> _RAW DATA_:

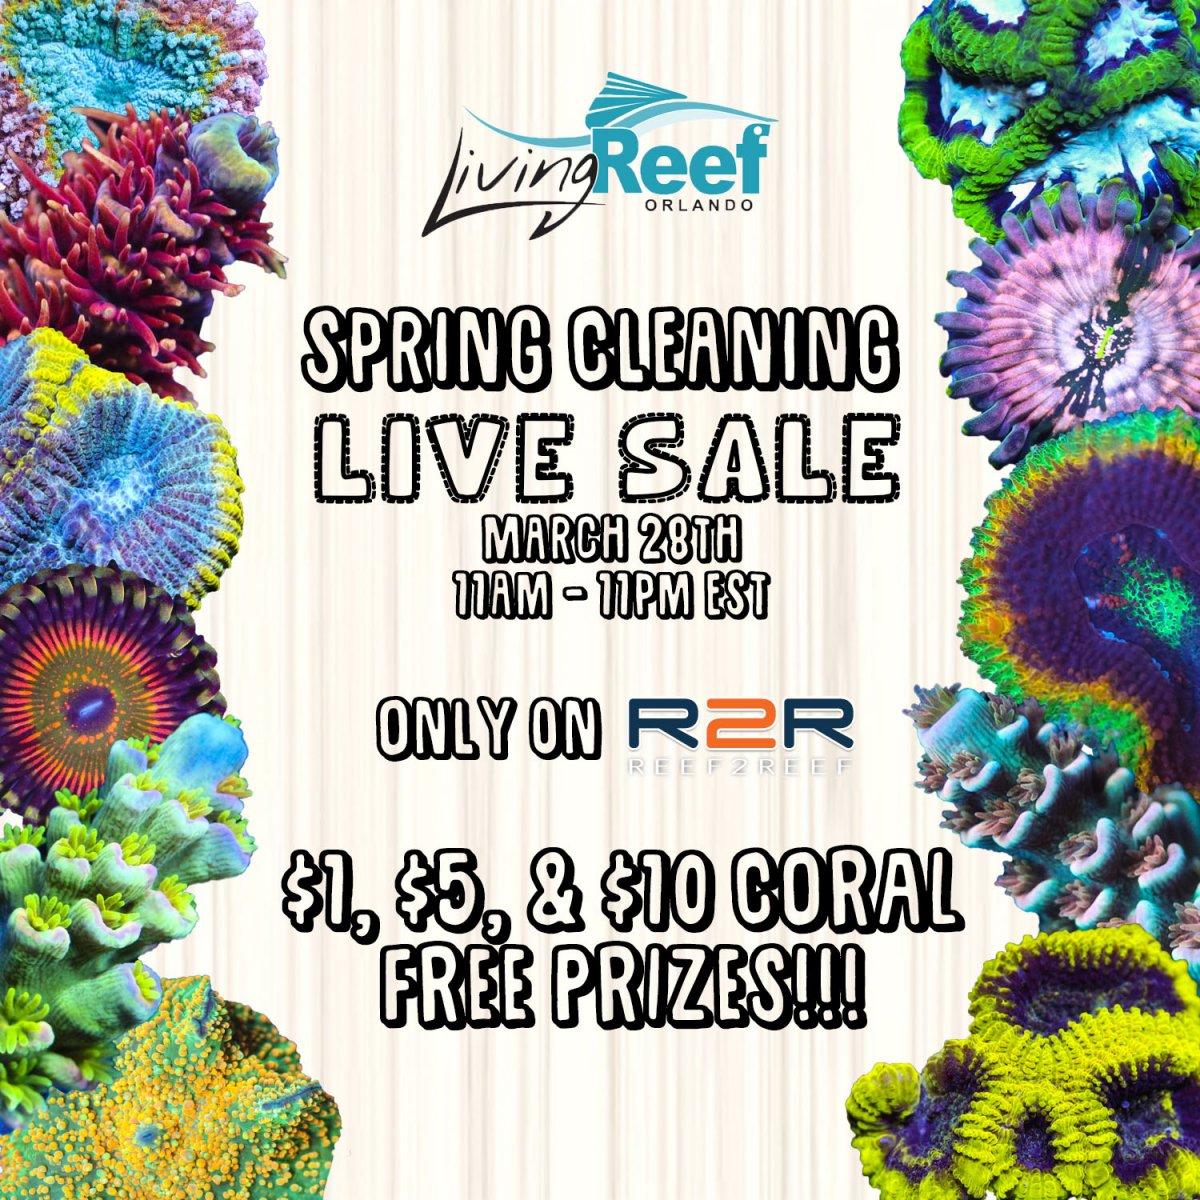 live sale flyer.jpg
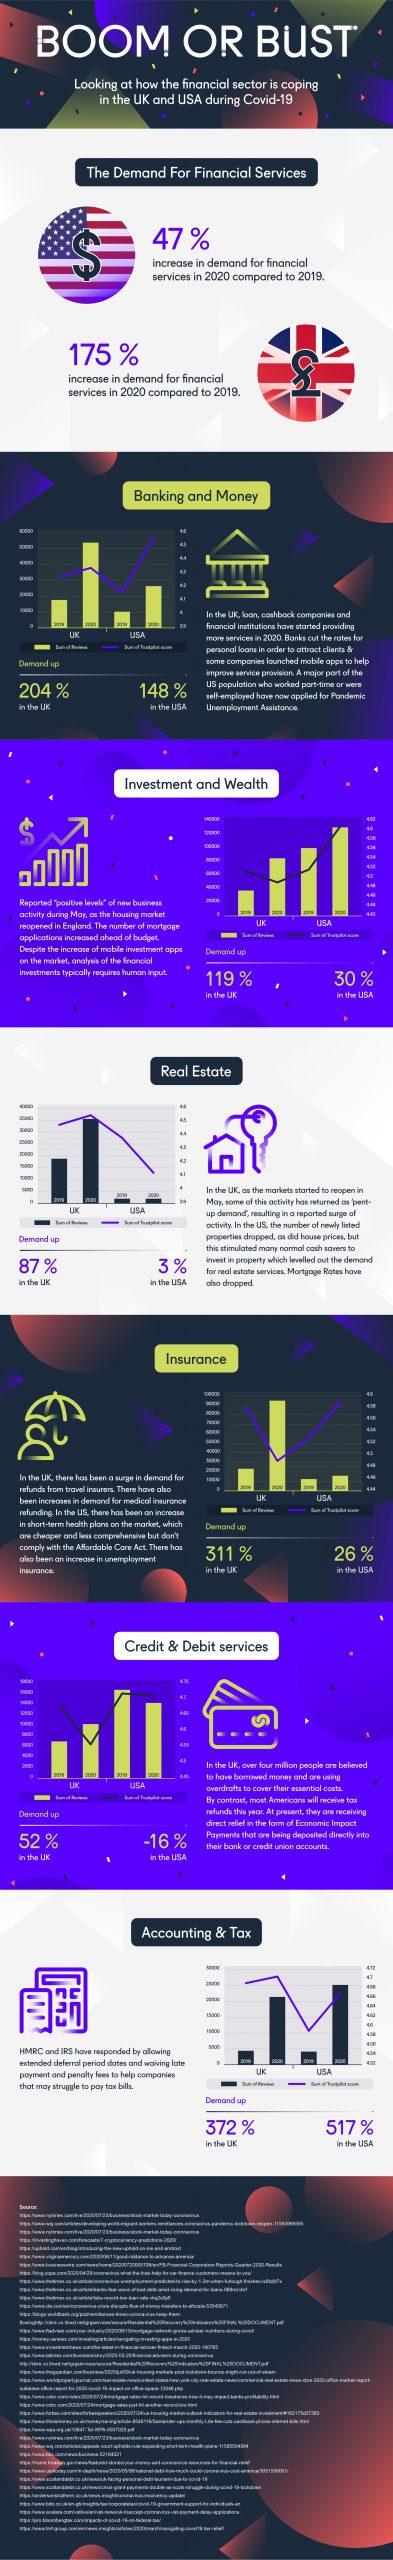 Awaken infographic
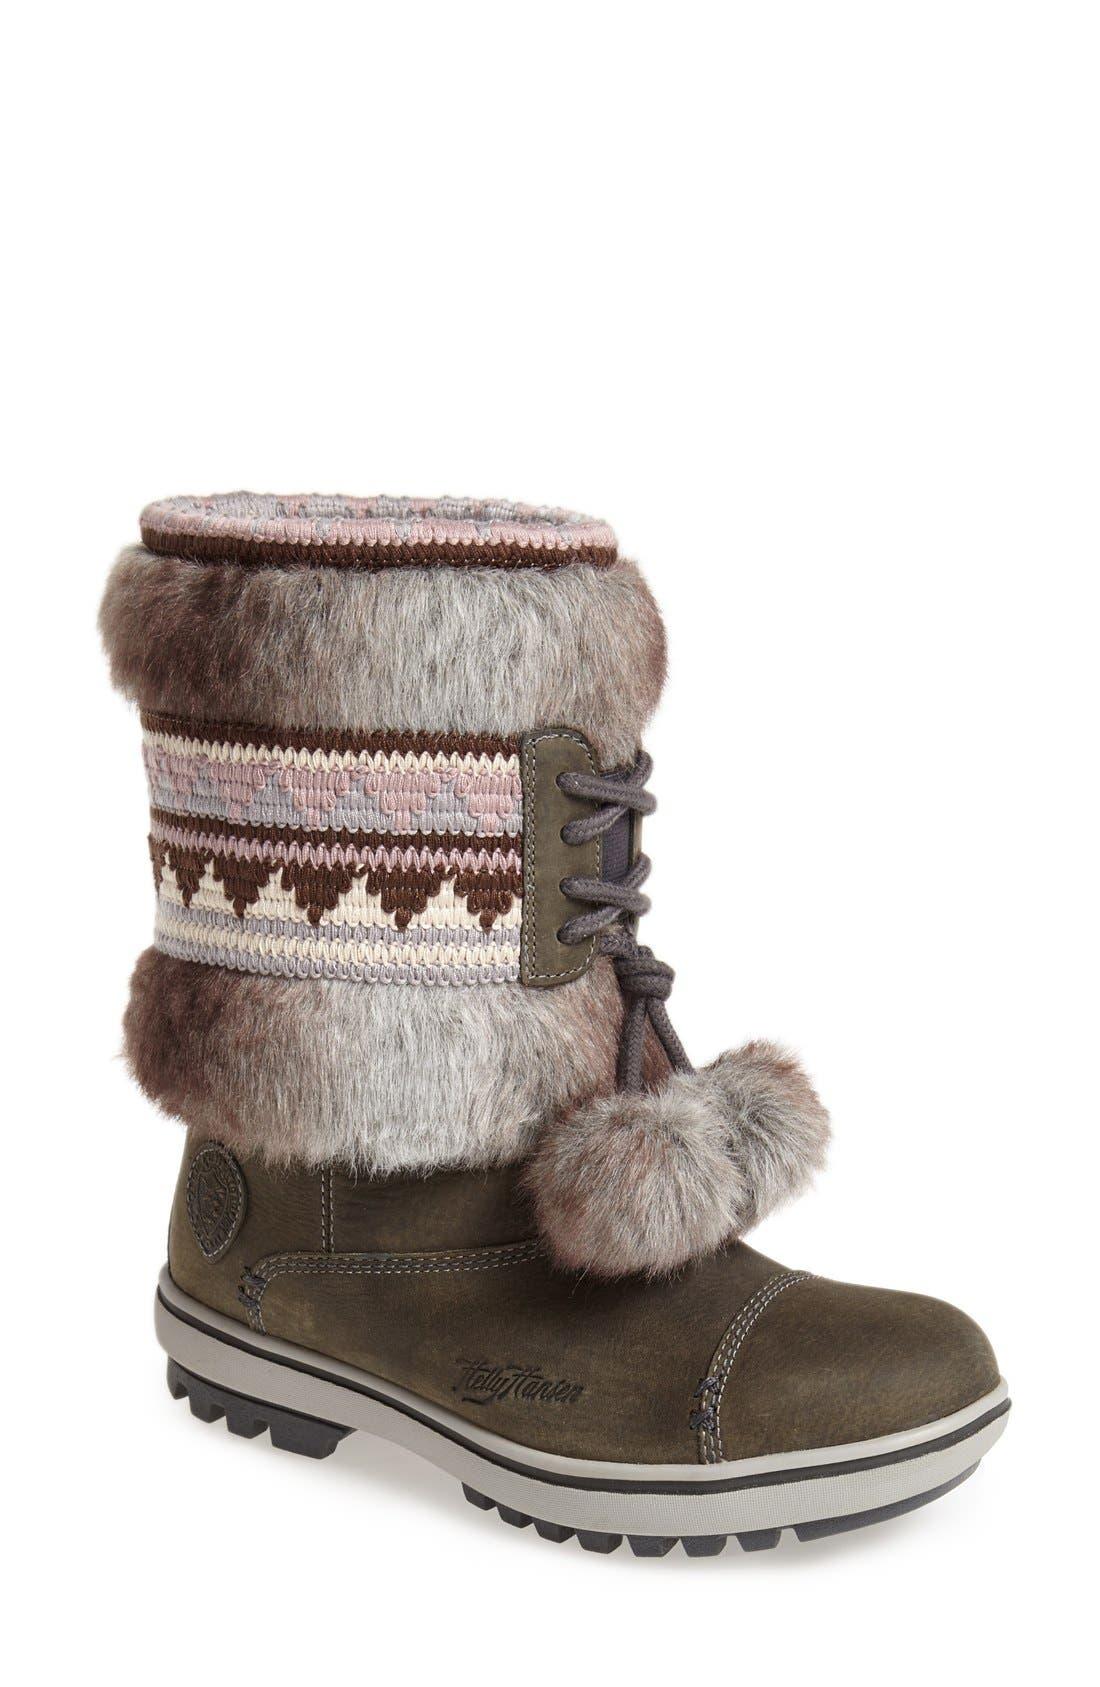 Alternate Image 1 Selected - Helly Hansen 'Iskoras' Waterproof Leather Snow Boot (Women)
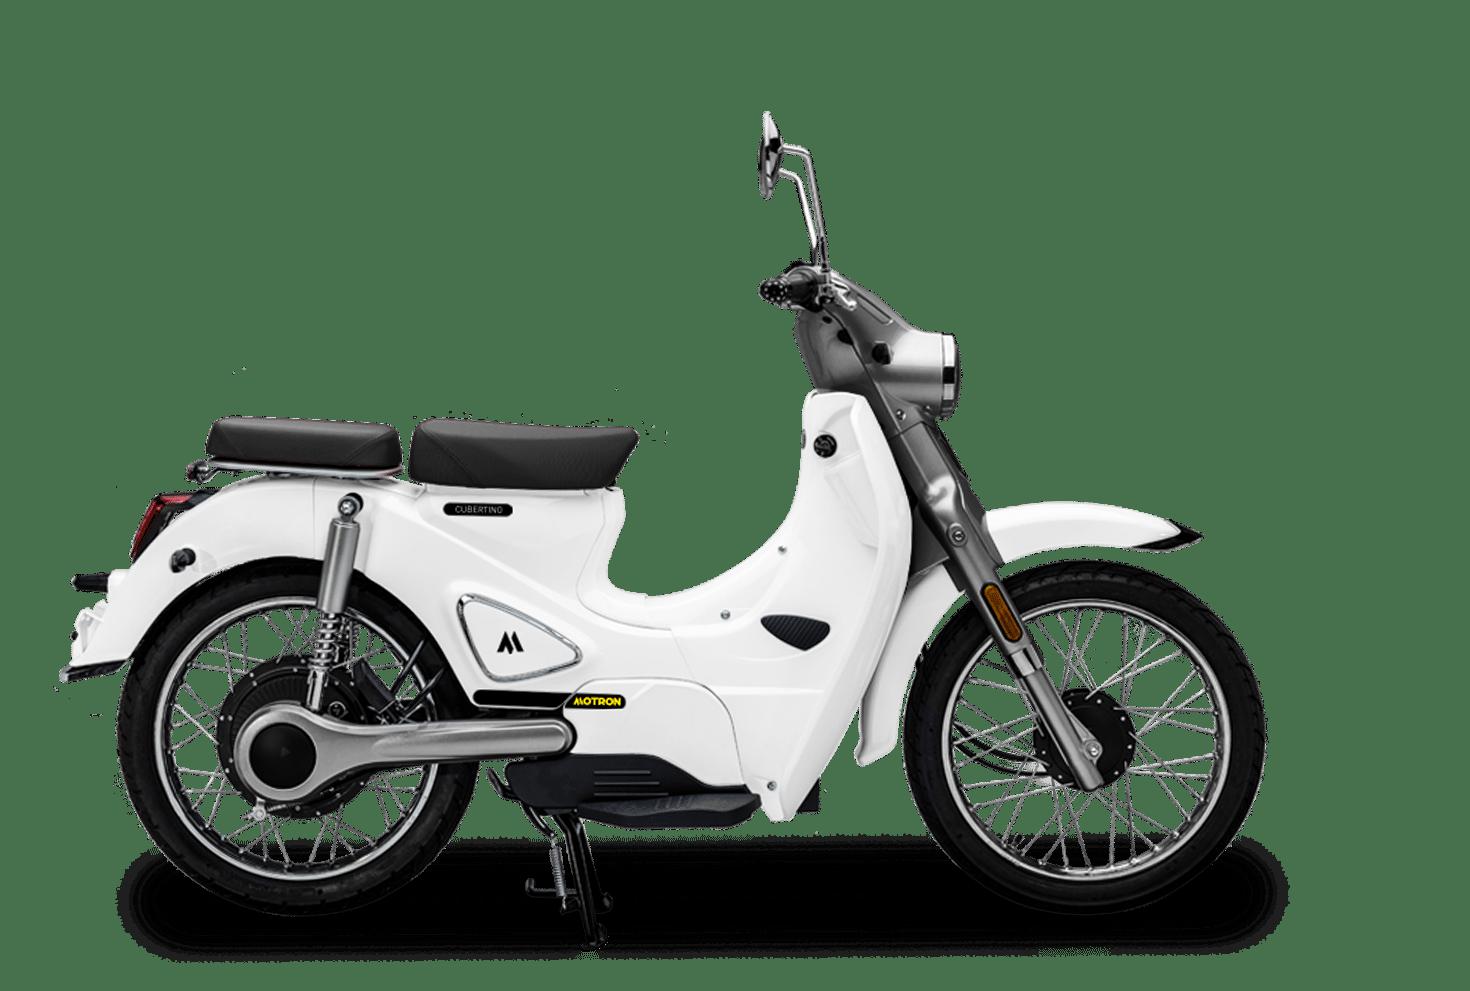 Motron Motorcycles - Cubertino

> _ACTION ITEM_: Once the pictures have been removed, reproduce each line of the material above exactly.

> _WRITTEN SOLUTION_:
 live sale flyer.jpg
 Awaken infographic
 Alternate Image 1 Selected - Helly Hansen 'Iskoras' Waterproof Leather Snow Boot (Women)
 Motron Motorcycles - Cubertino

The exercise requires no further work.